Problem statement: Leave out the images and repeat the listing below without a single change.

Given material:
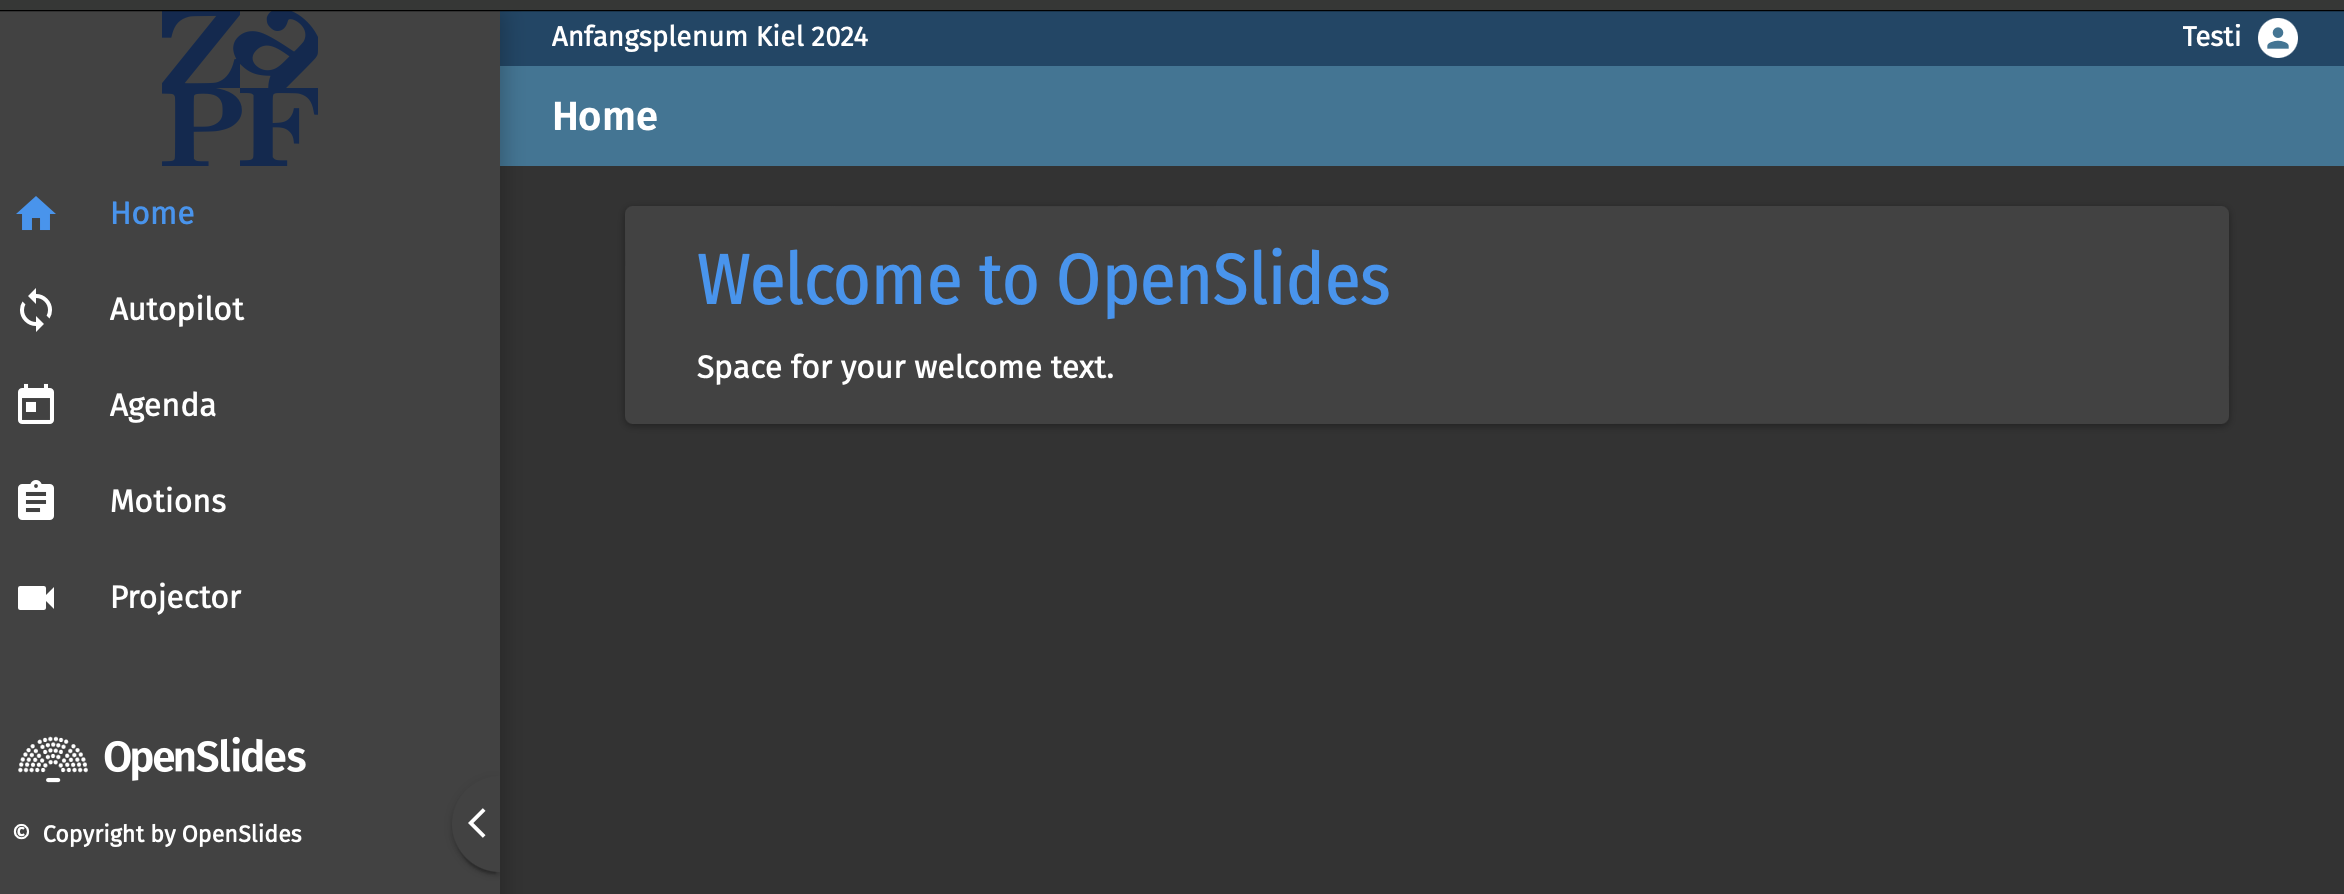 Openslides2.png
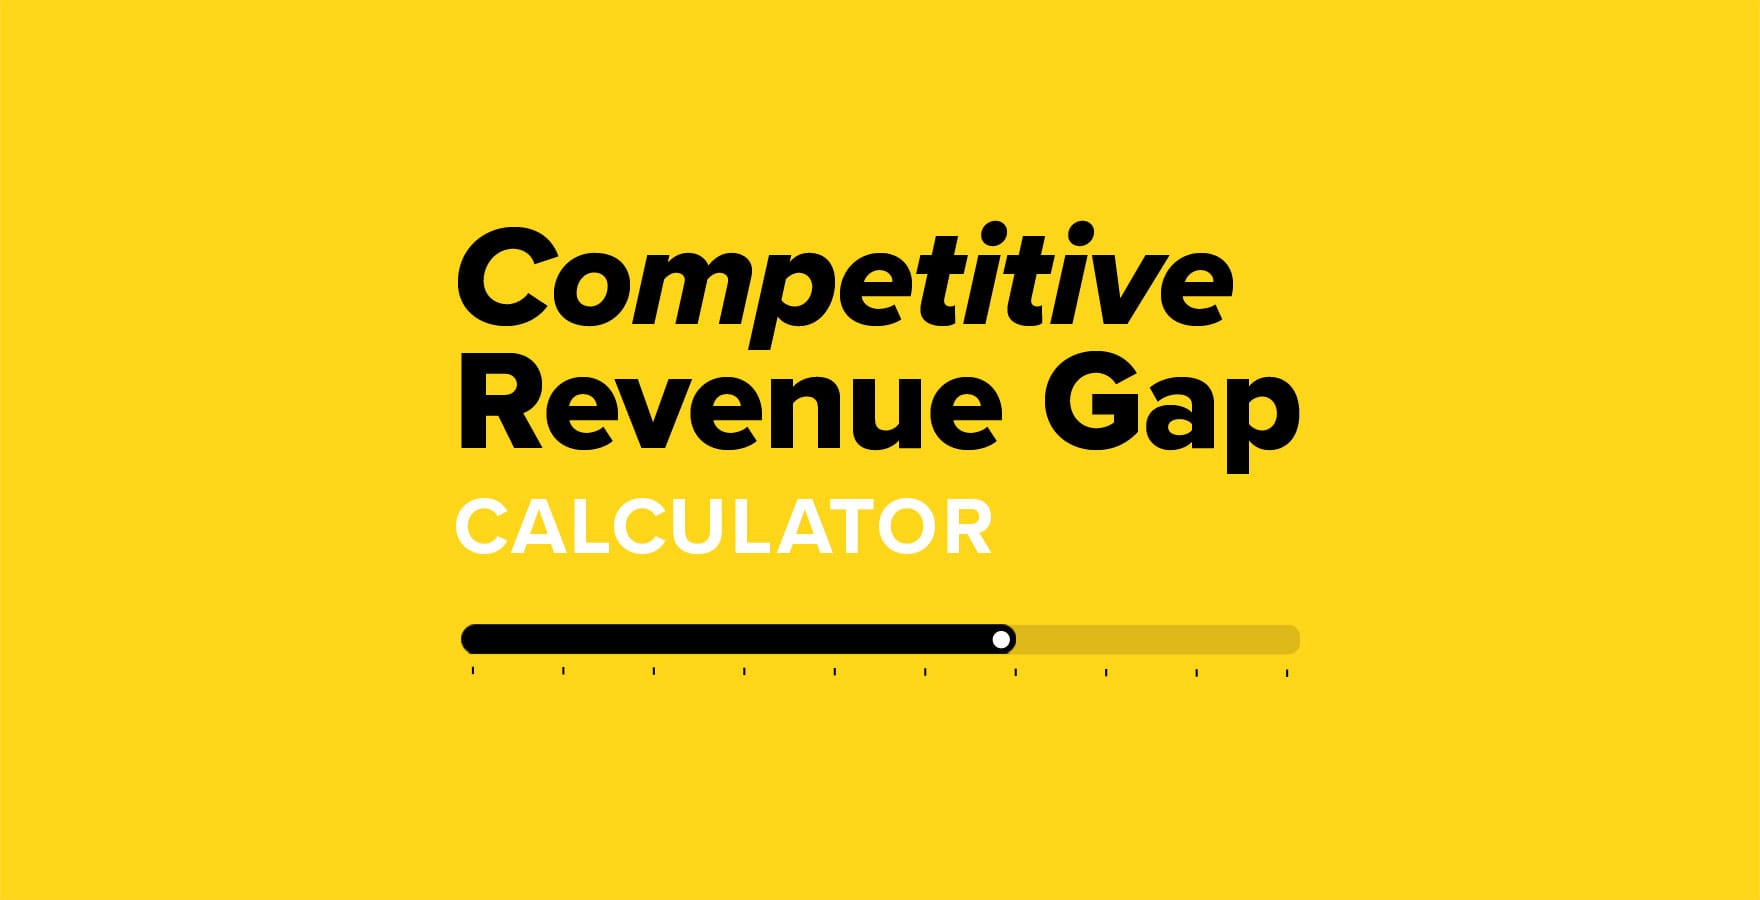 Blog_Competitive-Revenue-Gap-Calculator-Yellow
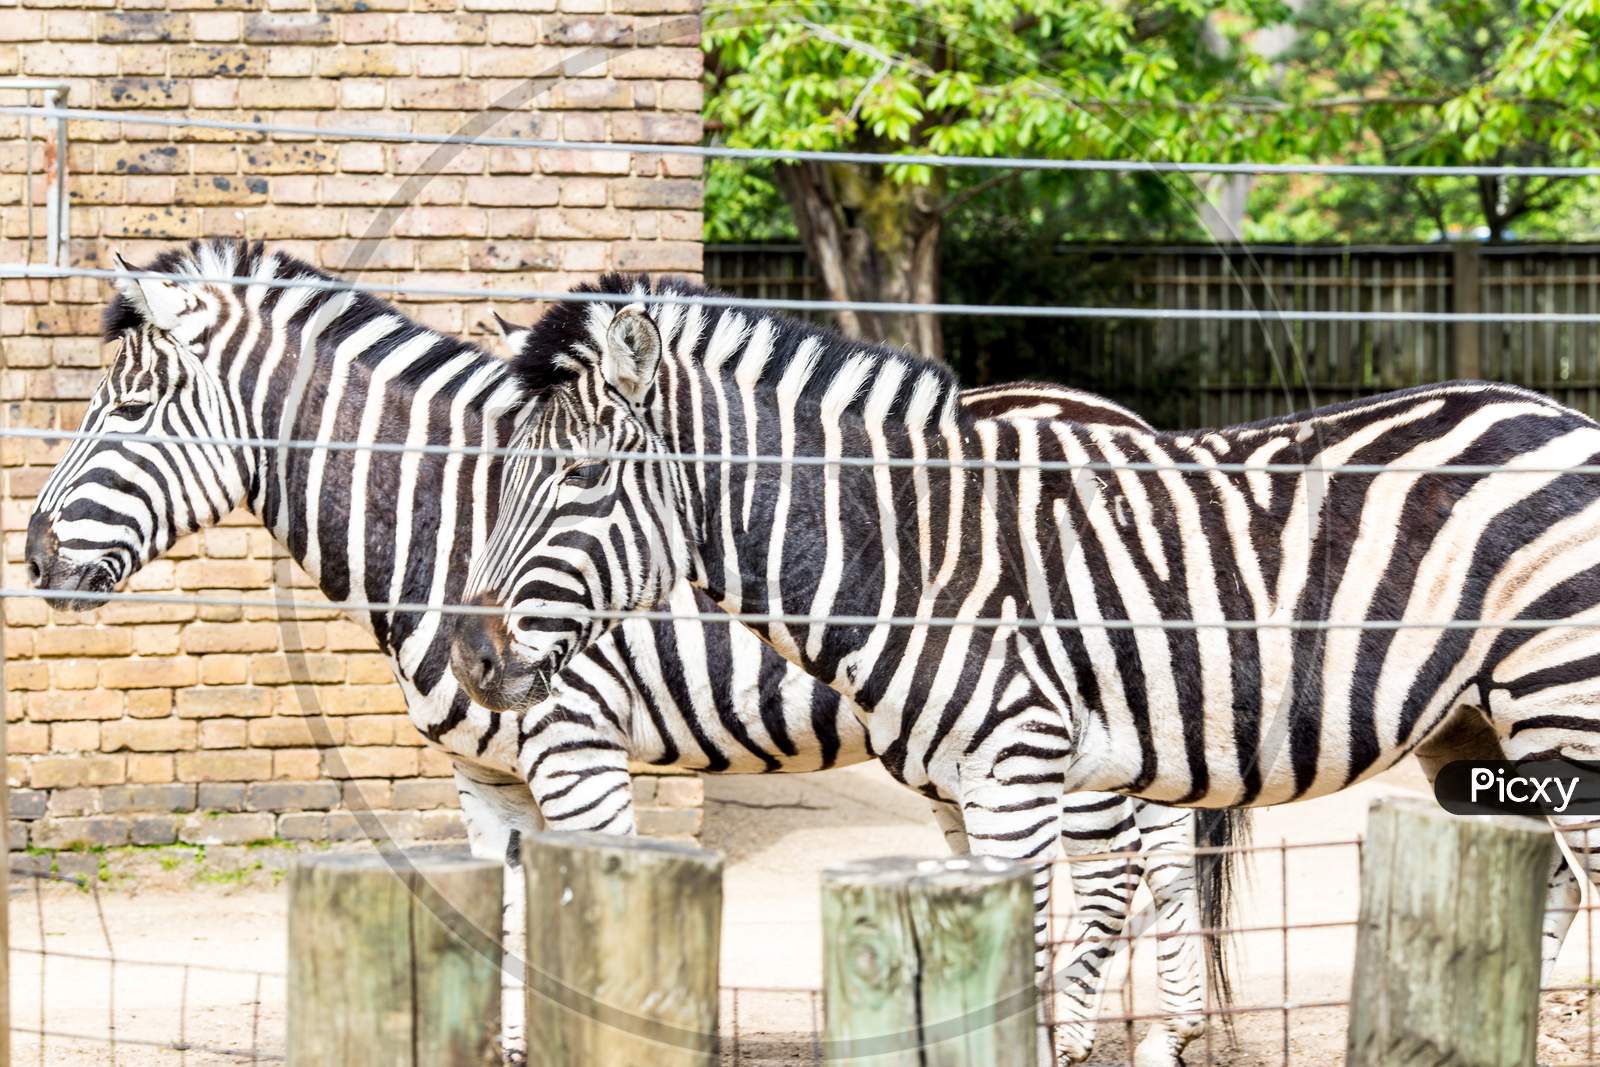 Amazing Zebras in the Zoo

Answer to this task:
 Openslides2.png
 Blog_Competitive-Revenue-Gap-Calculator-Yellow
 Amazing Zebras in the Zoo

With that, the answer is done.